Maintain actor state across restarts
By default a supervisor restarts an actor with the behavior it had before exiting. An actor thus maintains its state over a restart:
julia> sv = supervisor()
Link{Channel{Any}}(Channel{Any}(32), 1, :supervisor)
julia> incr(xr, by=0) = xr[] += by # define an accumulator
incr (generic function with 2 methods)
julia> myactor = spawn(incr, Ref(10)) # start an actor accumulating from 10
Link{Channel{Any}}(Channel{Any}(32), 1, :default)

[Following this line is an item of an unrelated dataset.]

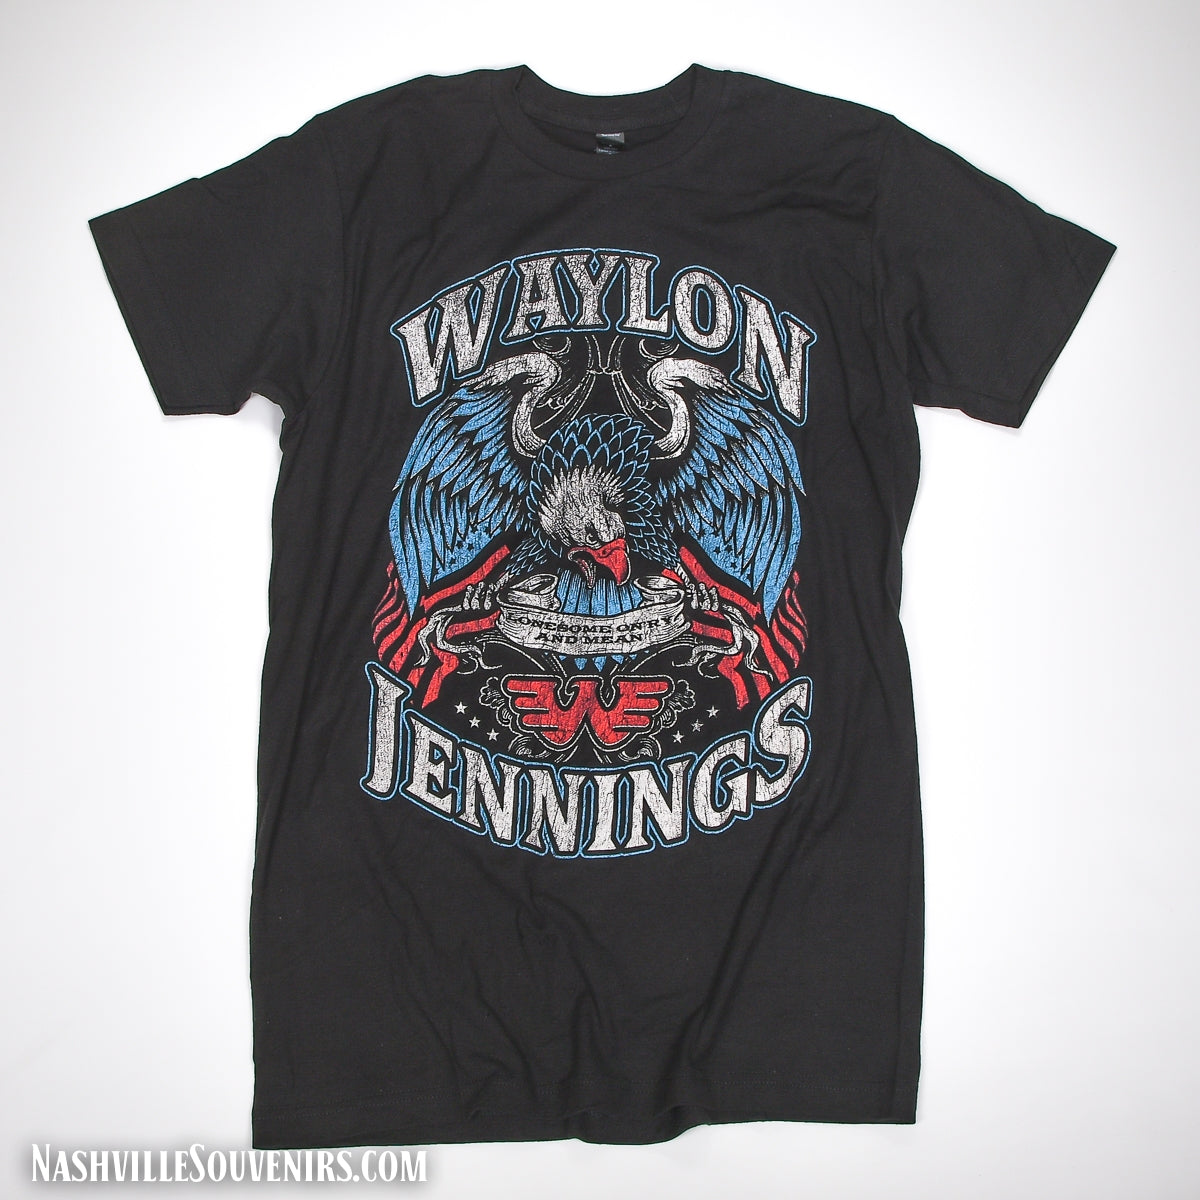 Waylon Jennings "Lonesome, On'ry, and Mean" Tee

julia> exec(myactor, supervise, sv); # put it under supervision
julia> foreach(x->call(myactor, x), 1:10) # accumulate it
julia> call(myactor)
65
julia> send(myactor, :boom); # let it fail
┌ Warning: 2021-04-19 17:00:17 x-d-kolok-ib Exit: supervised Task (failed) @0x000000016b9d4010, MethodError(+, (65, :boom), 0x00000000000074aa)
└ @ Actors ~/.julia/dev/Actors/src/logging.jl:39
┌ Warning: 2021-04-19 17:00:17 x-d-kolok-ib supervisor: restarting
└ @ Actors ~/.julia/dev/Actors/src/logging.jl:39
julia> call(myactor)
65
julia> info(myactor)
Actor default
Behavior incr
Pid 1, Thread 1
Task @0x000000016da2ba80
Ident x-d-kukof-ropab
myactor
has maintained its state over failure even if it got a new task.
In case of a node failure an actor cannot send its state at failure time to the supervisor. In those cases you can use termination and restart callbacks and checkpointing for recovery.